En l'espèce, le recourant s'est vu retirer son permis d'élève conducteur à deux reprises en raison d'infractions graves (les deux fois pour conduite sans être réglementairement accompagné): la première fois le 2 novembre 2006 et la seconde fois le 30 mai 2007. Il se trouve ainsi en situation de récidive au sens de l'art. 16c al. 2 let. d LCR. C'est dès lors à juste titre que l'autorité intimée a prononcé un retrait d'une durée indéterminée, mais d'au minimum 24 mois. Quant à la condition fixée pour la restitution du permis d'élève conducteur (conclusions favorables d'une expertise auprès de l'UMTR), elle apparaît tout à fait appropriée pour s'assurer que l'inaptitude du recourant à la conduite a disparu et qu'il a pris conscience de la dangerosité de son comportement. On rappelle en effet que le recourant a commis trois infractions graves en moins de deux ans. La condition sera dès lors confirmée.
4. Les considérants qui précèdent conduisent au rejet du recours et à la confirmation de la décision attaquée. Le recourant, qui succombe, supportera les frais de justice. Il n'aura par ailleurs pas droit à l'allocation de dépens.
Par ces motifs
la Cour de droit administratif et public
du Tribunal cantonal
arrête:
I. Le recours est rejeté.
II. La décision du Service des automobiles et de la navigation du 10 décembre 2008 est confirmée.
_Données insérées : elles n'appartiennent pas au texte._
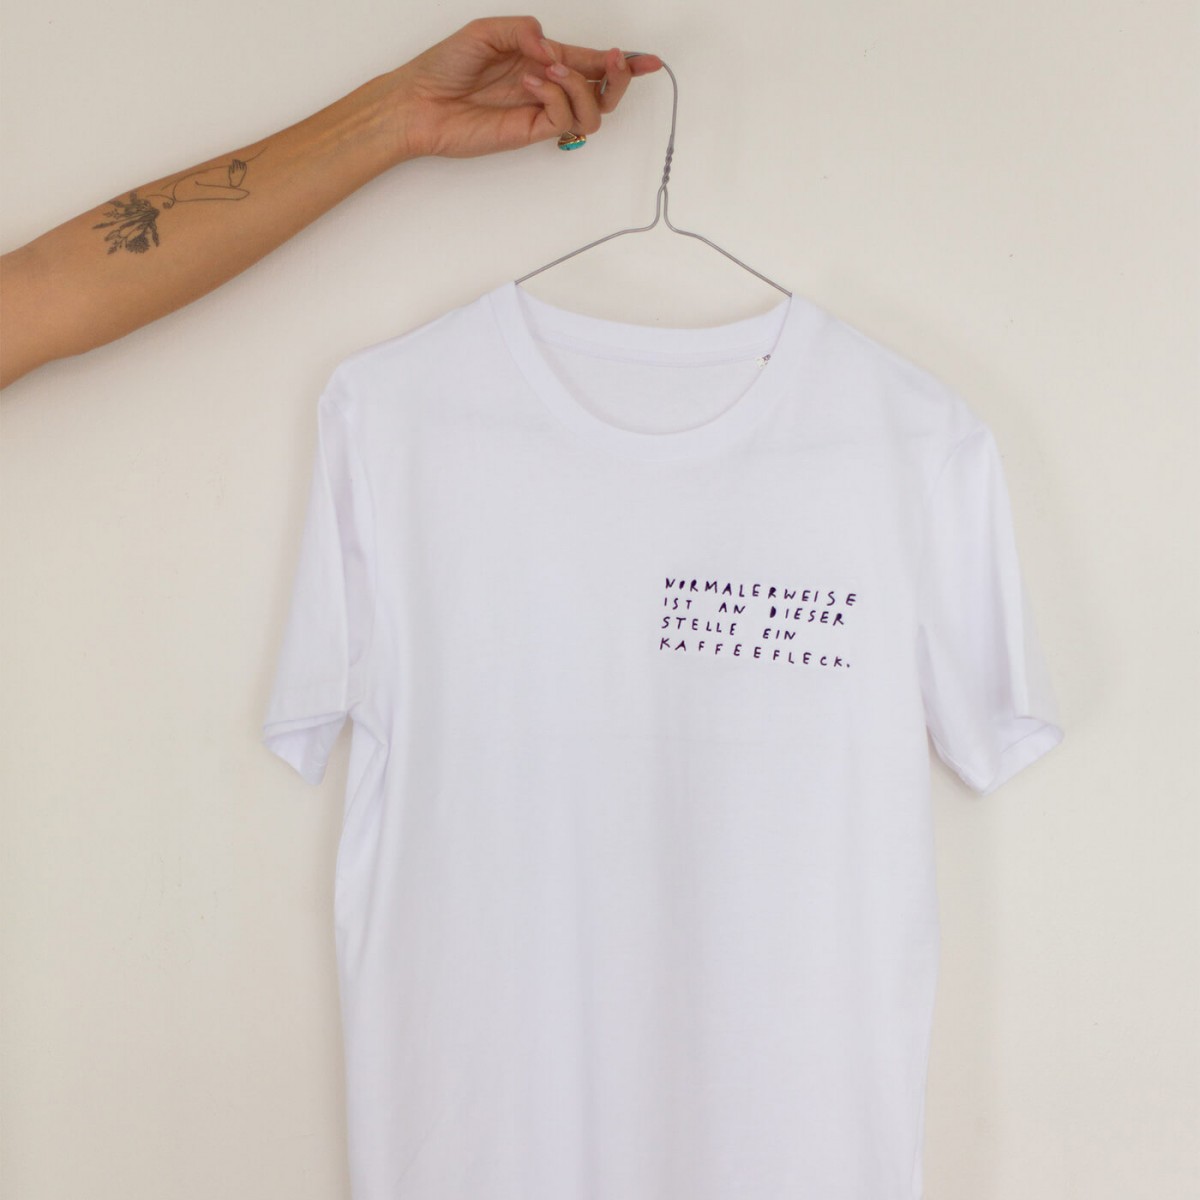 KAFFEEFLECK / WHITE T-Shirt – Kurt und Herbert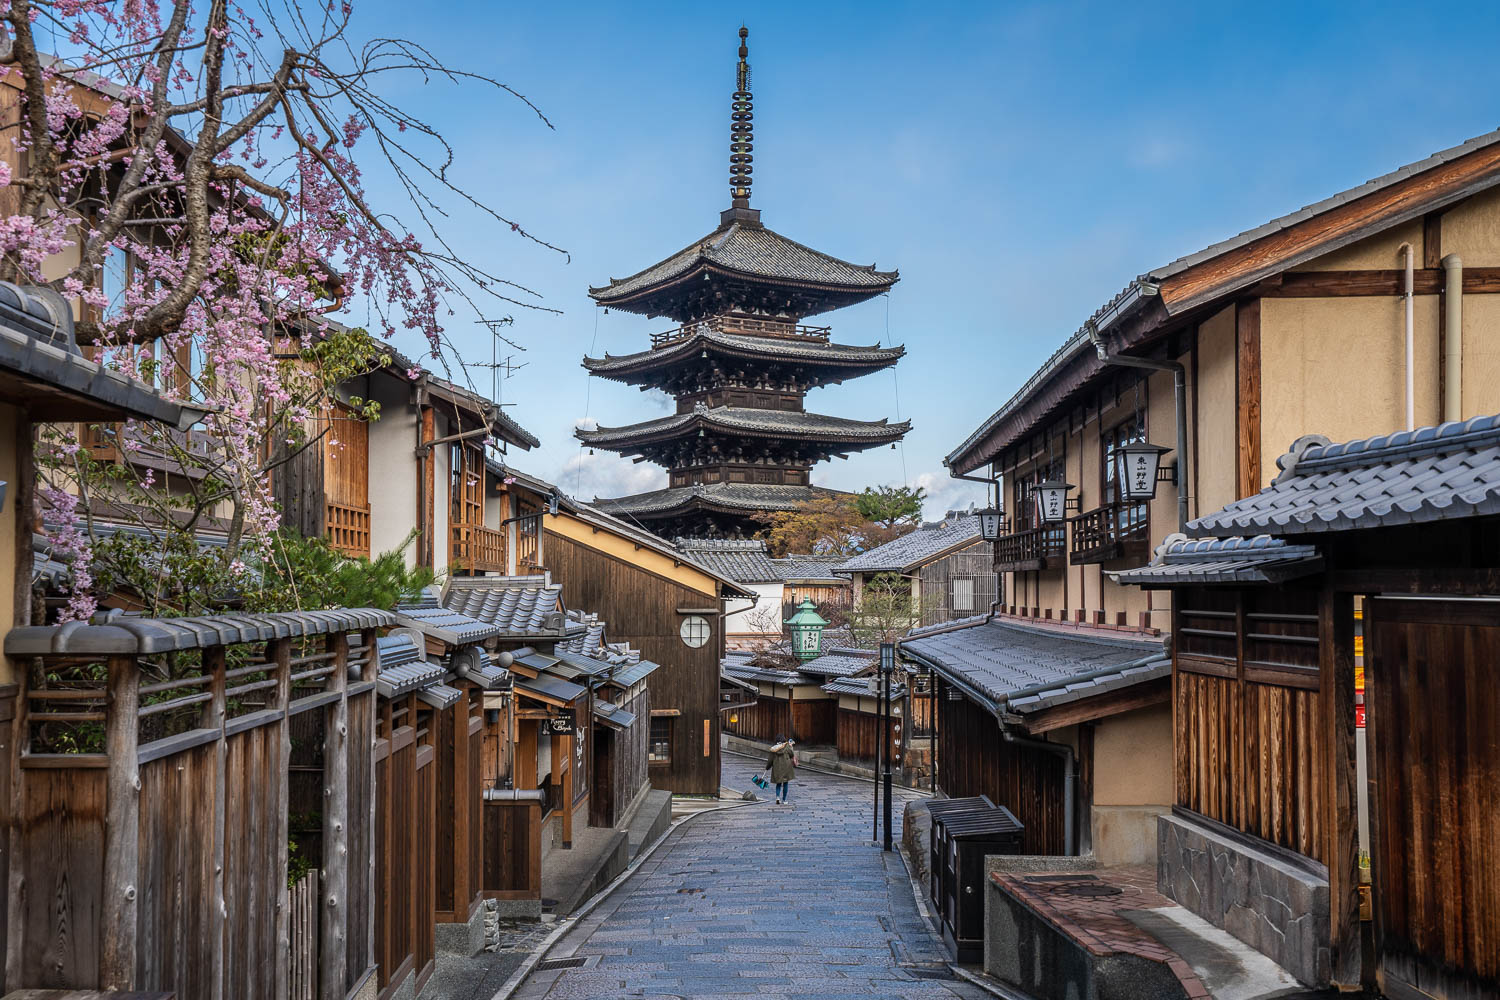 Du lịch Kyoto Nhật Bản - Những khám phá thú vị không thể bỏ lỡ

III. Un émolument de 600 (six cents) francs est mis à la charge du recourant.
IV. Il n'est pas alloué de dépens.
Lausanne, le 25 août 2009
Le président: Le
greffier:
Le présent arrêt est communiqué aux destinataires de l'avis d'envoi ci-joint.
Il peut faire l'objet, dans les trente jours suivant sa notification, d'un recours au Tribunal fédéral. Le recours en matière de droit public s'exerce aux conditions des articles 82 ss de la loi du 17 juin 2005 sur le Tribunal fédéral (LTF - RS 173.110), le recours constitutionnel subsidiaire à celles des articles 113 ss LTF. Le mémoire de recours doit être rédigé dans une langue officielle, indiquer les conclusions, les motifs et les moyens de preuve, et être signé. Les motifs doivent exposer succinctement en quoi l’acte attaqué viole le droit. Les pièces invoquées comme moyens de preuve doivent être jointes au mémoire, pour autant qu’elles soient en mains de la partie; il en va de même de la décision attaquée.